The Poverty Trap – The Economics Of Communal Land Use

 

June 5th, 2012

The Poverty Trap - The Economics Of Communal Land Use

By Dale Doré, a discussion paper in the Zimbabwe Land Series

Executive Summary

This paper recounts how the blossoming of smallholder agriculture in the mid-1980s began to fade when unsustainable costs began to mount. It tries to show that no amount of donor funds to support state-driven agricultural development will reduce poverty while households are entrapped in the current system of agriculture. At the system’s core lie the limited rights to land. Without the right to buy, sell, rent or otherwise transfer land, and when land and other natural resources are free for all, the system becomes beset by market failure, perverse incentives, waste and environmental degradation. The paper explains how, under the pressure of population growth, people’s livelihoods and the environment have been systematically decimated. A subsequent paper will show how modifications to the system can, over time, commercialise smallholder agriculture and emancipate rural Zimbabweans from a life of grinding poverty.

The rise and fall of smallholder agriculture

Hundreds of thousands of poor rural families struggle to subsist on smallholdings in the communal areas, much of it in semi-arid areas with poor soils. At Independence it was estimated that there were nearly three times as many people living in the communal areas than the land could sustain. The Zimbabwe Government therefore prioritised programmes to decongest the communal areas and reduce poverty. These included intensifying agriculture, resettling families, and encouraging families to migrate and settle in towns and cities.

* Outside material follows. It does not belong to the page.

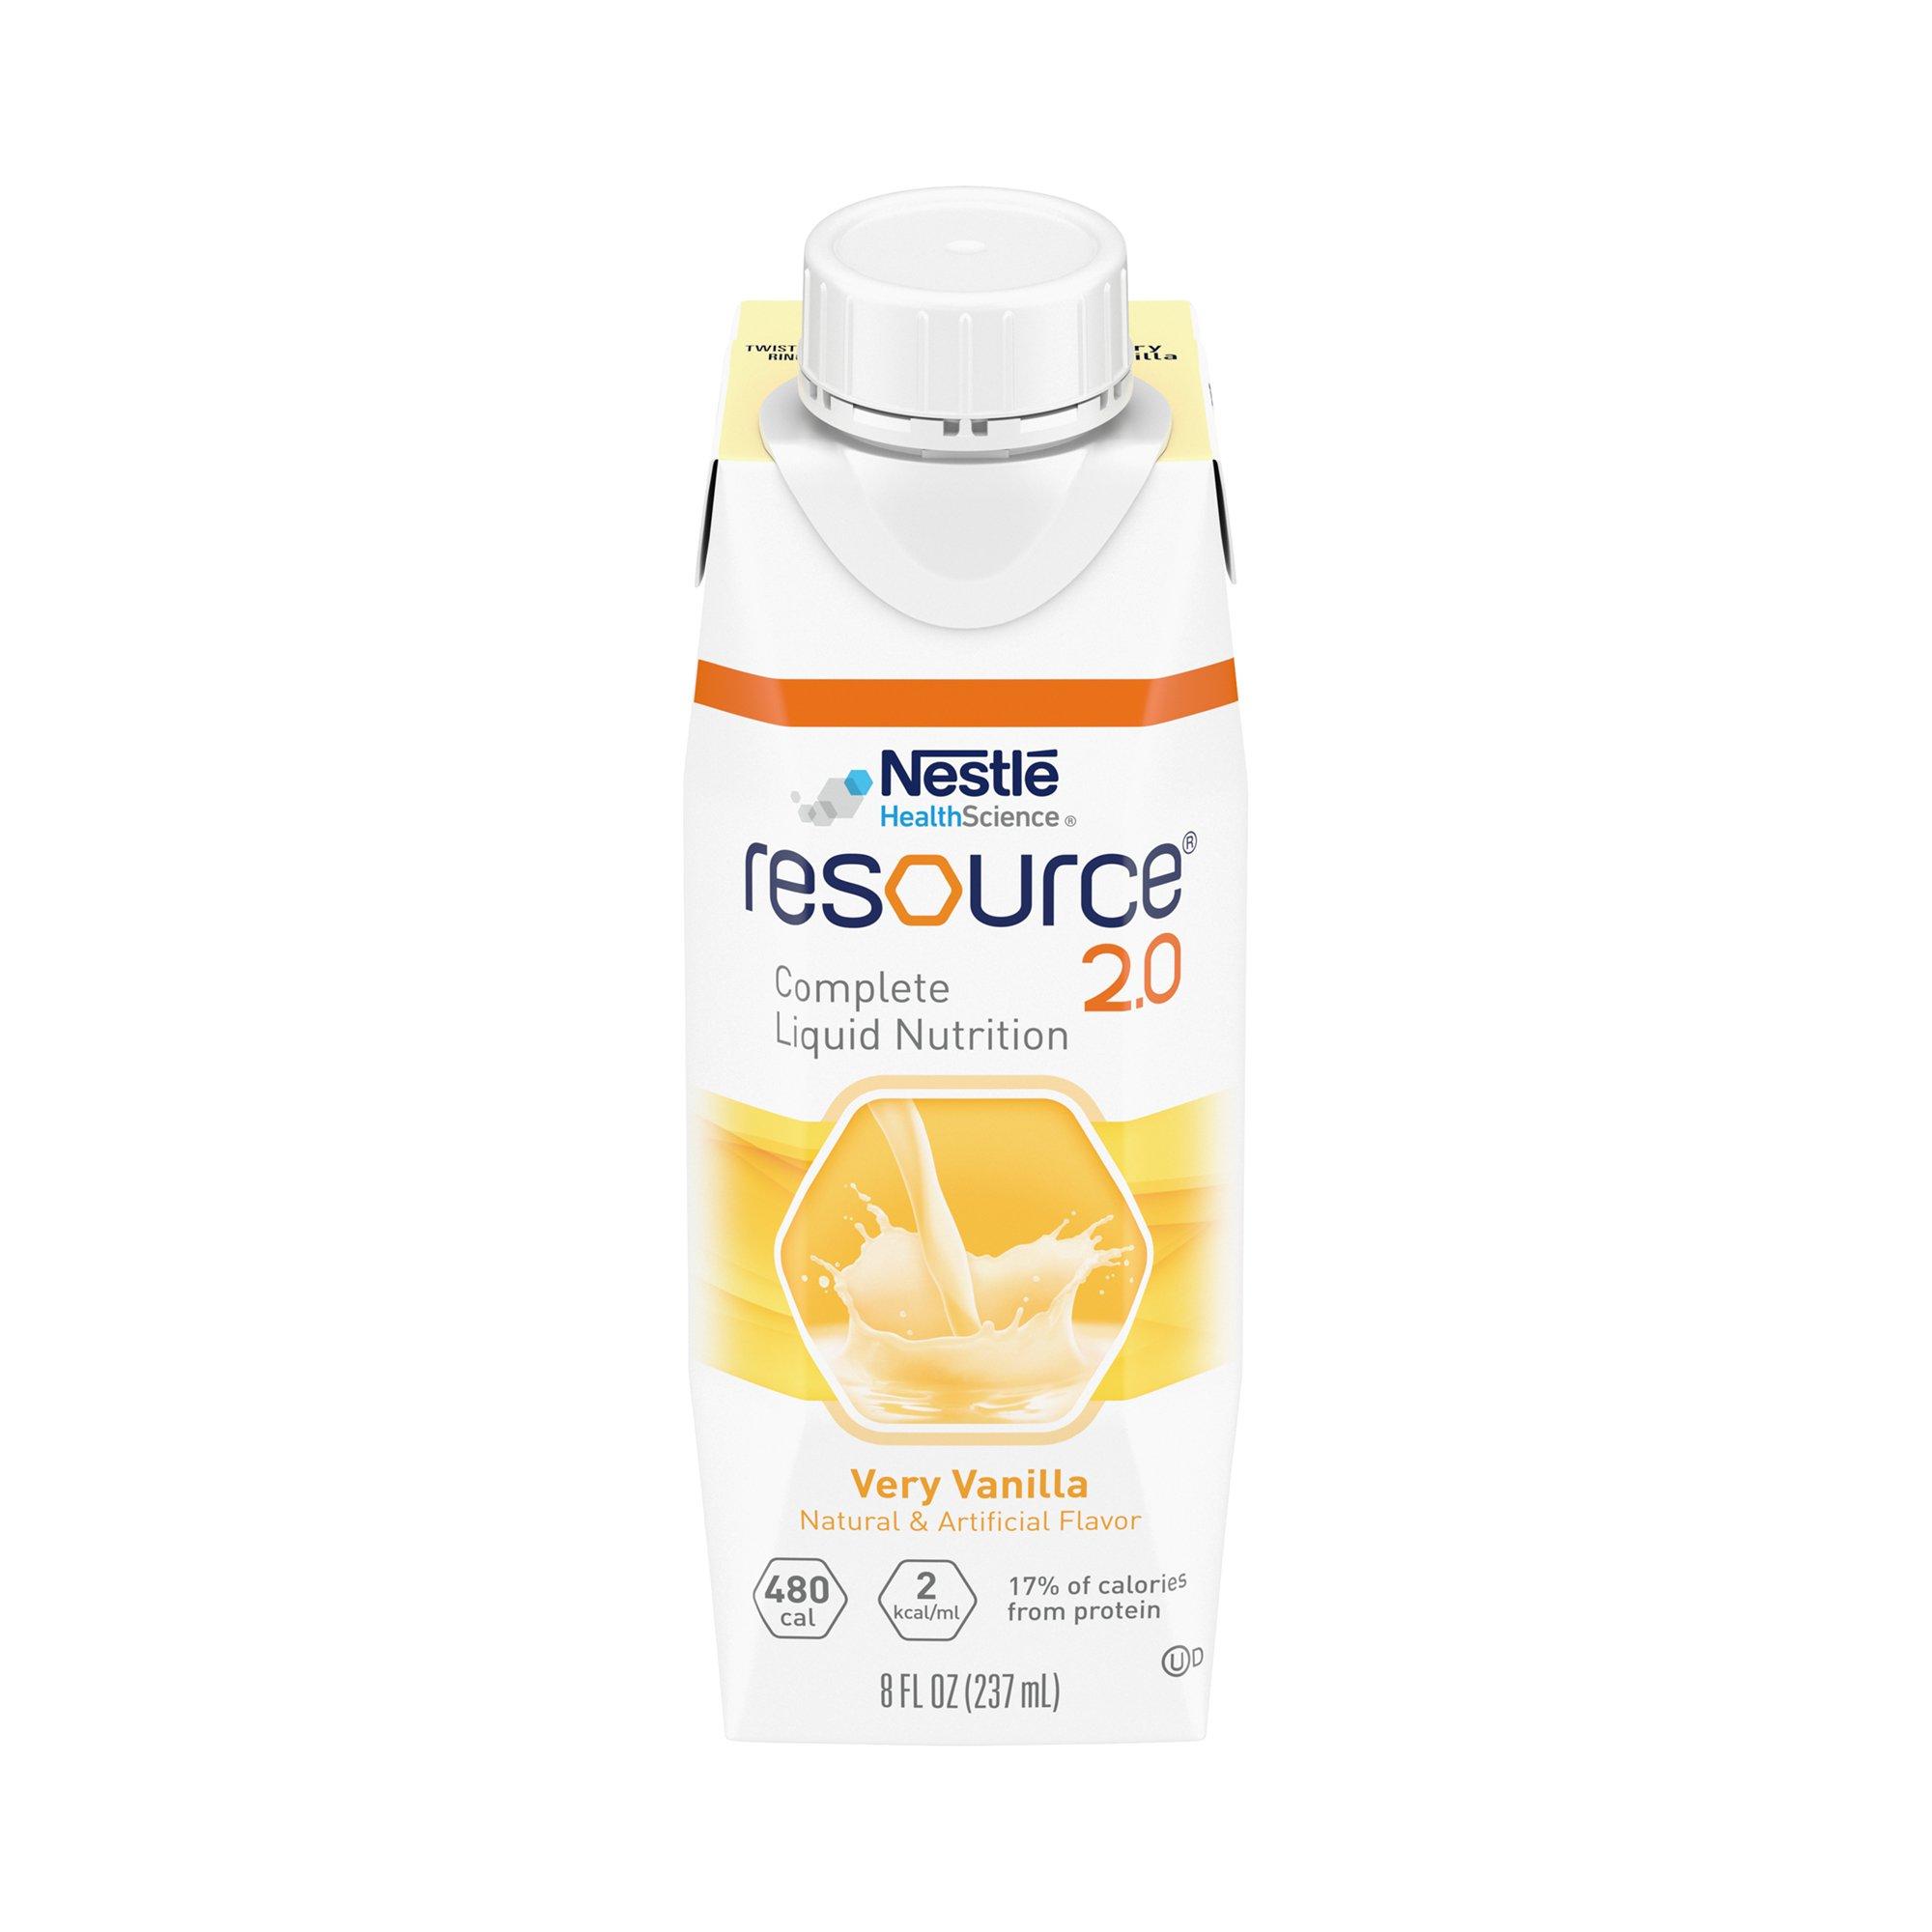 Nestle HealthScience Resource 2.0 Complete Liquid Nutrition, Very Vanilla, 00043900151670, Case of 24
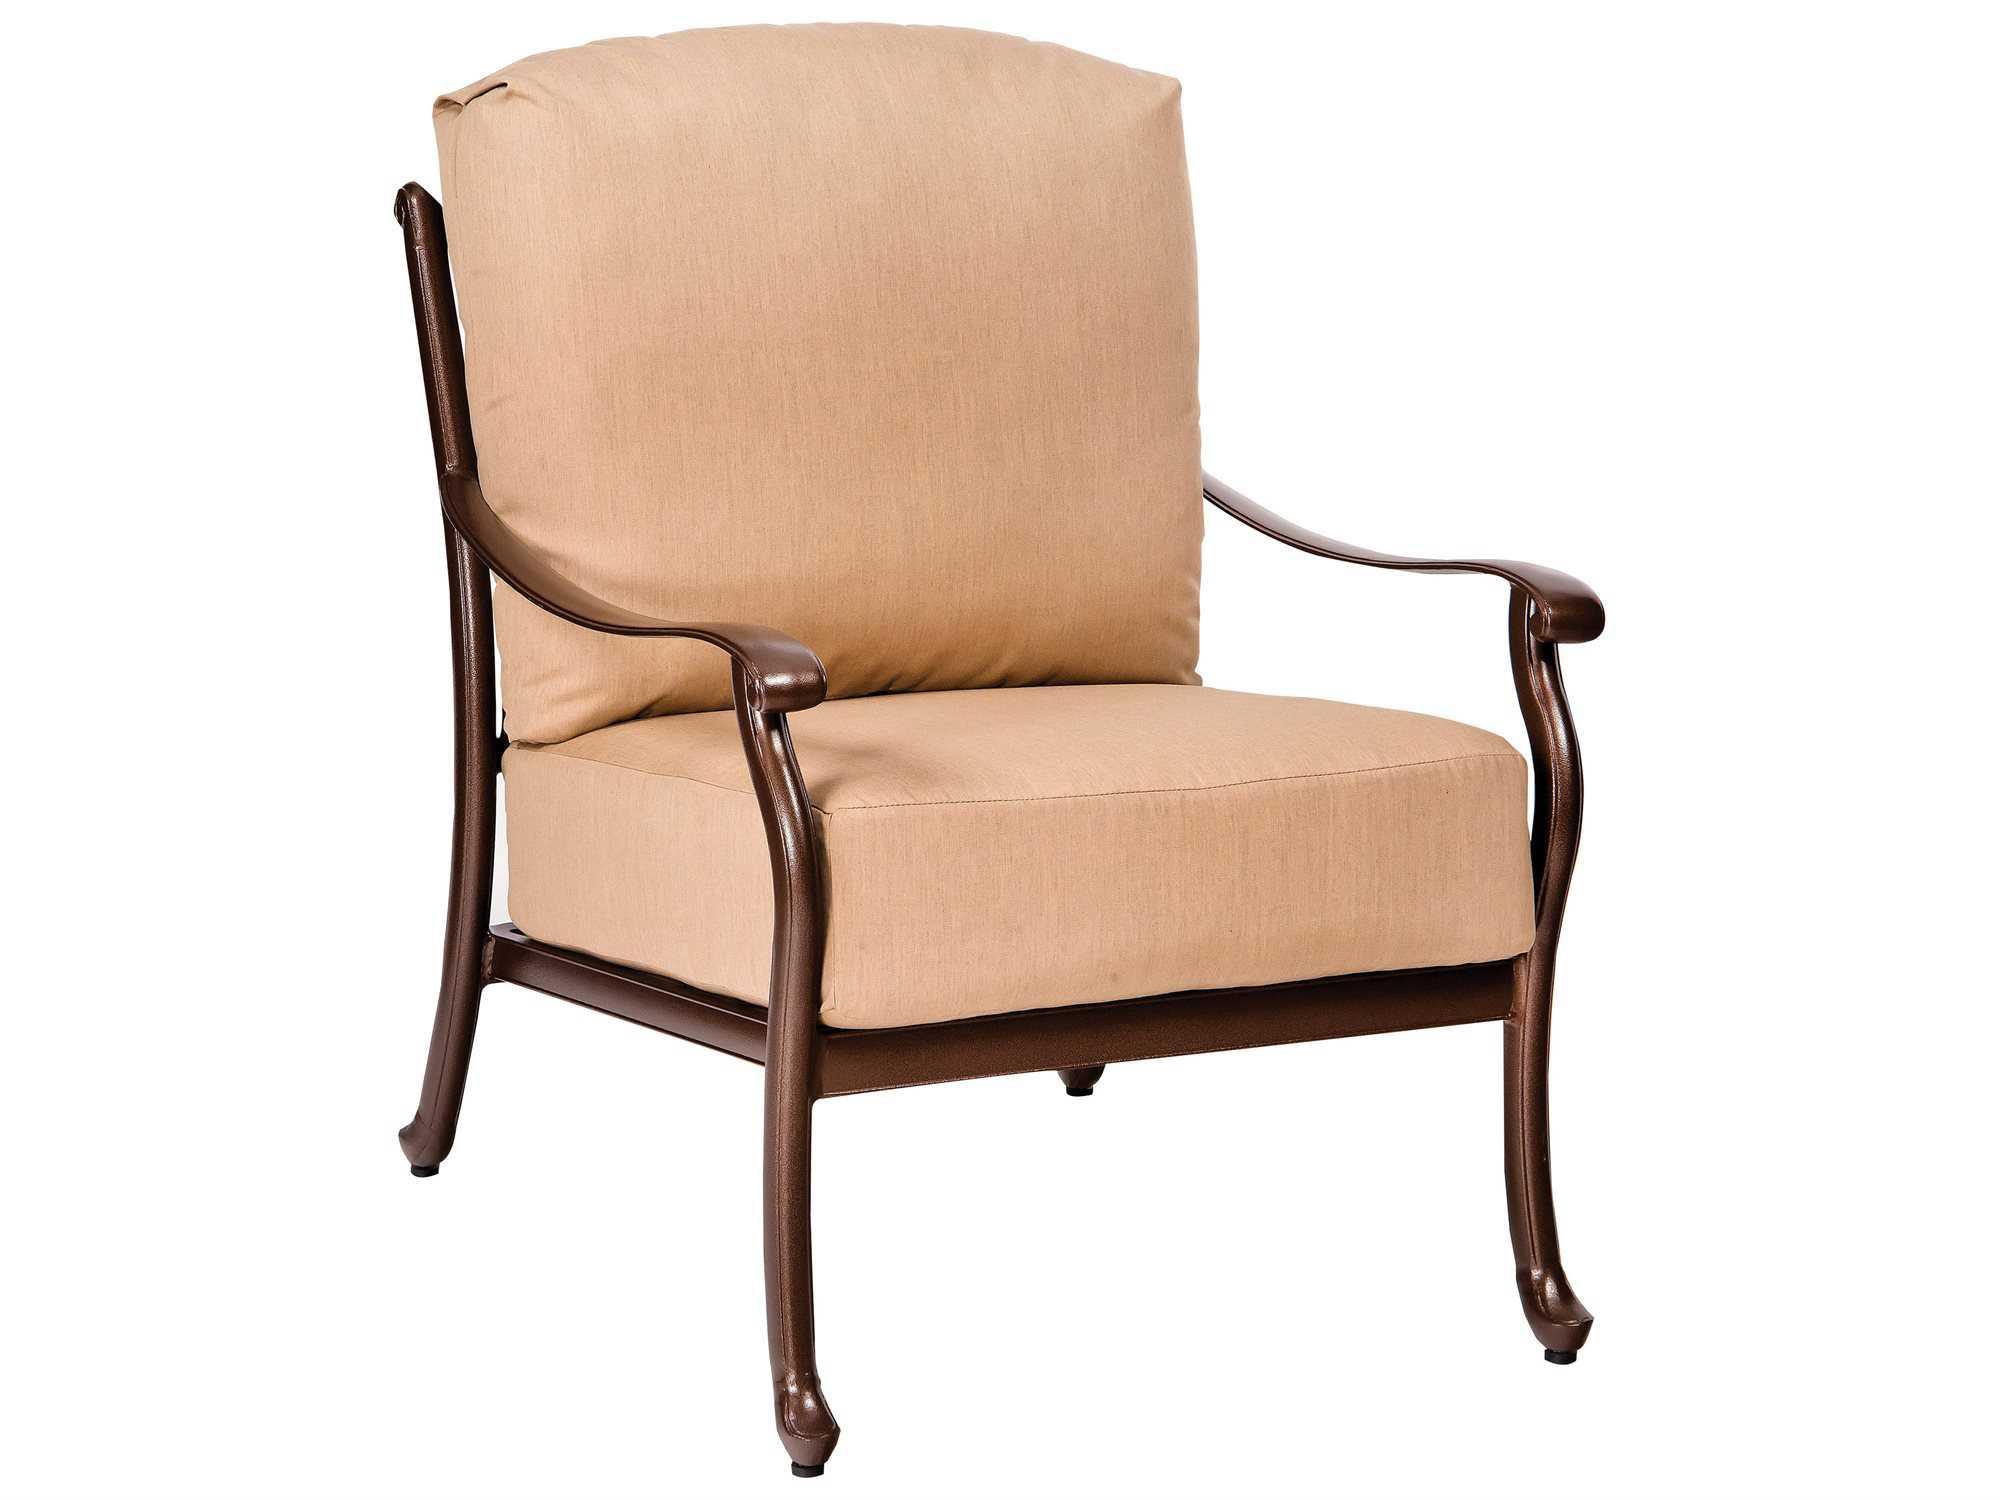 Woodard Casa Lounge Chair Replacement Cushions

Vindication for Zimbabwe’s agricultural intensification programme seemed to come when national smallholder maize and cotton production surpassed commercial farm production in 1985 and 1986. Rukuni and Eicher (1994) dubbed the country’s success ‘Zimbabwe’s second agricultural revolution’. Yet, by the close of the 1980s the rate of resettlement had slowed to a trickle, the expected migration of households had failed to materialise, and the costs of the smallholder agricultural miracle were being counted.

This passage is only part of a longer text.